Un livre pour effleurer le temps
Taba-Taba, Patrick Deville.
De quelle histoire suis-je fait ? Ce pourrait-être le fil d’Ariane du dernier roman de Patrick Deville, auteur et directeur littéraire de la Meet. Il y a d’abord l’enfance au Lazaret de Mundin, centre psychiatrique que dirige son père. A contempler la Loire et à aspirer les embruns, à se perdre dans la vision de Taba-Taba, un « fou » aussi beau qu’un poète, et cette interminable épreuve d’emprisonnement dans un plâtre redresseur de hanche. Immobilité au milieu de ceux qui bougent : écouter, s’imprégner, lire, imaginer, voyager plus que tous à travers cartes et récits.
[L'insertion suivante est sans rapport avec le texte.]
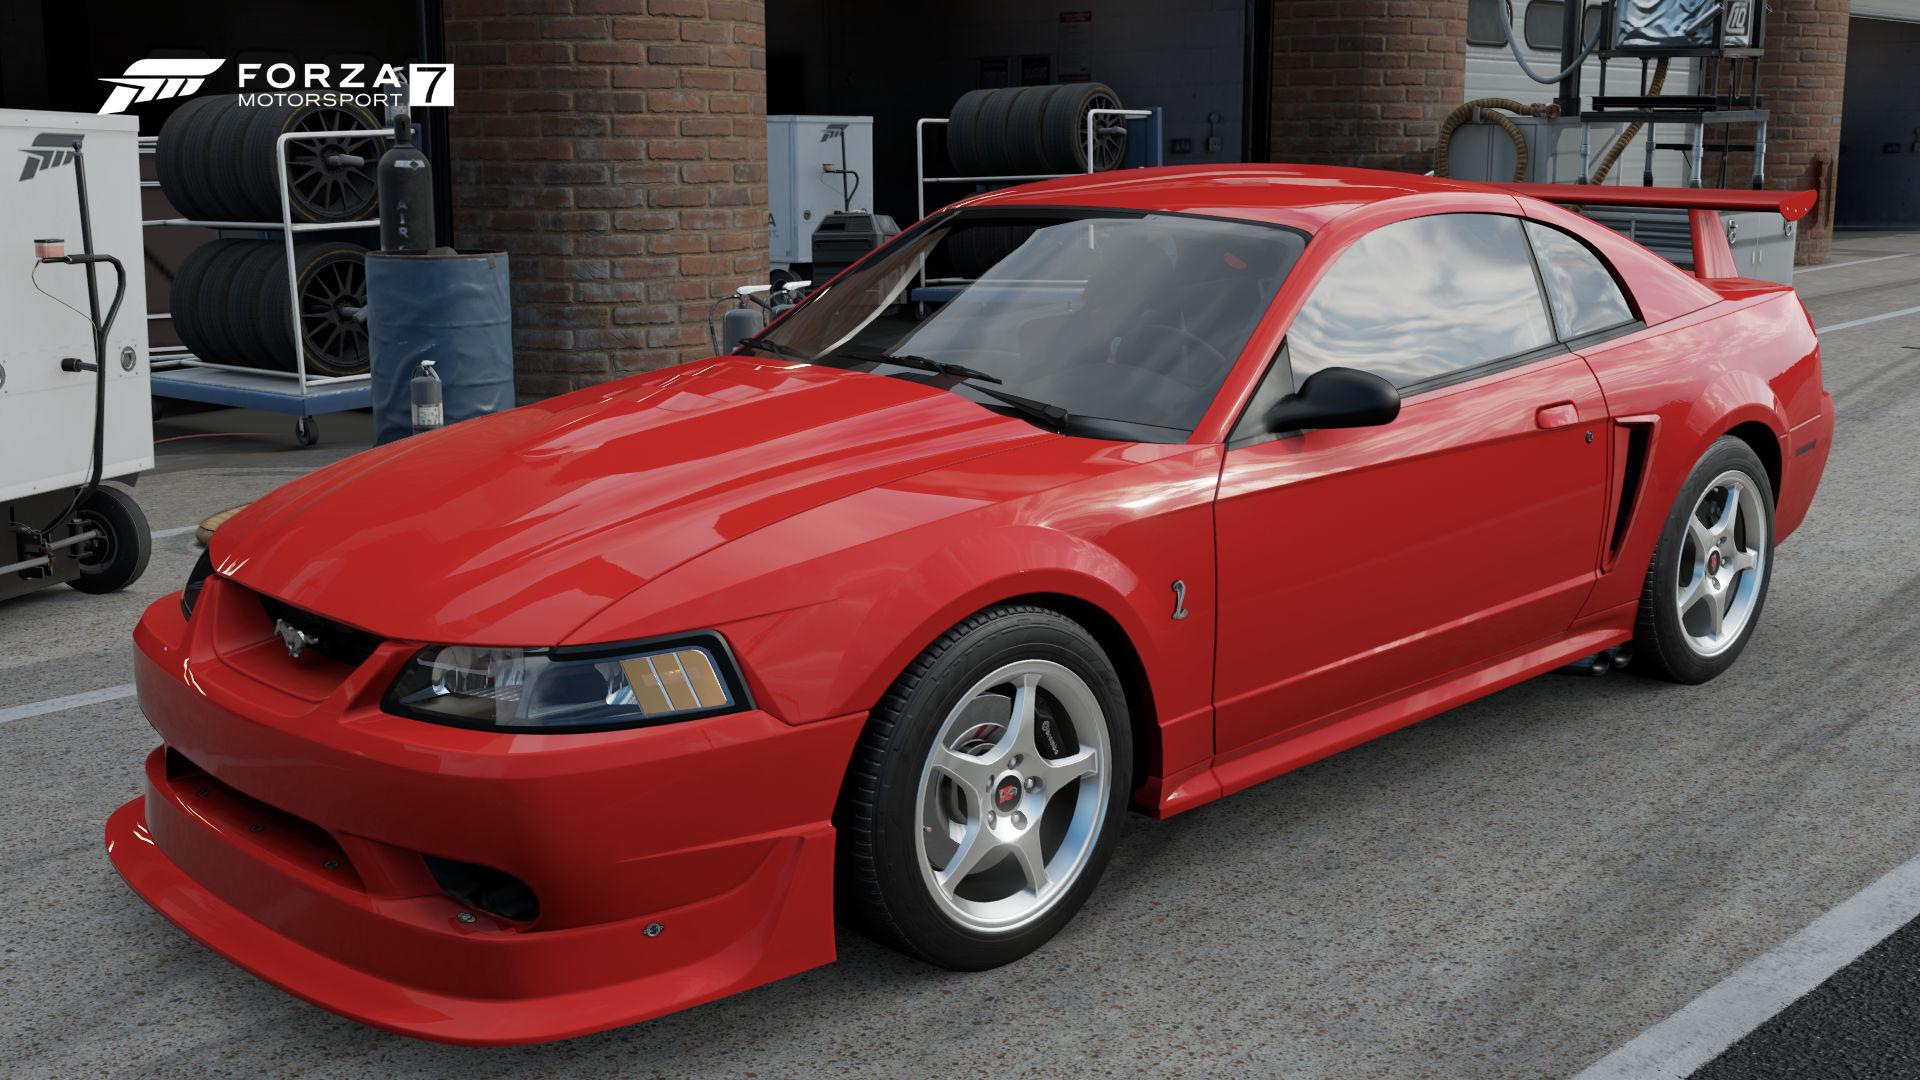 Ford Mustang Fourth Generation Wikipedia >> Ford Svt Cobra R 2000 Forza Motorsport Wiki Fandom

Et quand vint l’heure de l’âge adulte, une faim insatiable de pays, de livres et de poètes à découvrir.
Et puis il y a la genèse de cette enfance, et la recherche de son histoire familiale qui lui a donné cette présence au monde tout autant que cette capacité à en rester spectateur, le cerveau en fermentation. Le personnage Patrick Deville nous ouvre la portière de sa voiture et nous voilà à suivre près de lui les traces infimes de ses ascendants emportés dans les courants de leurs vies tressées serrées à l’Histoire qui les entraîneront à Soisson, Barbizon, au fond des tranchées, Dôle… Mindun, autant de lieux que des écrivains ont aussi arpentés et dont les mots résonnent encore dans la tête du petit garçon malade dont ils étaient la fenêtre sur le monde.
Un roman-récit foisonnant, un style propre à Patrick Deville, étrangement en équilibre entre correspondances baudelairiennes et regard du Nouveau roman, une aventure au côté d’un personnage aussi pudique que son auteur.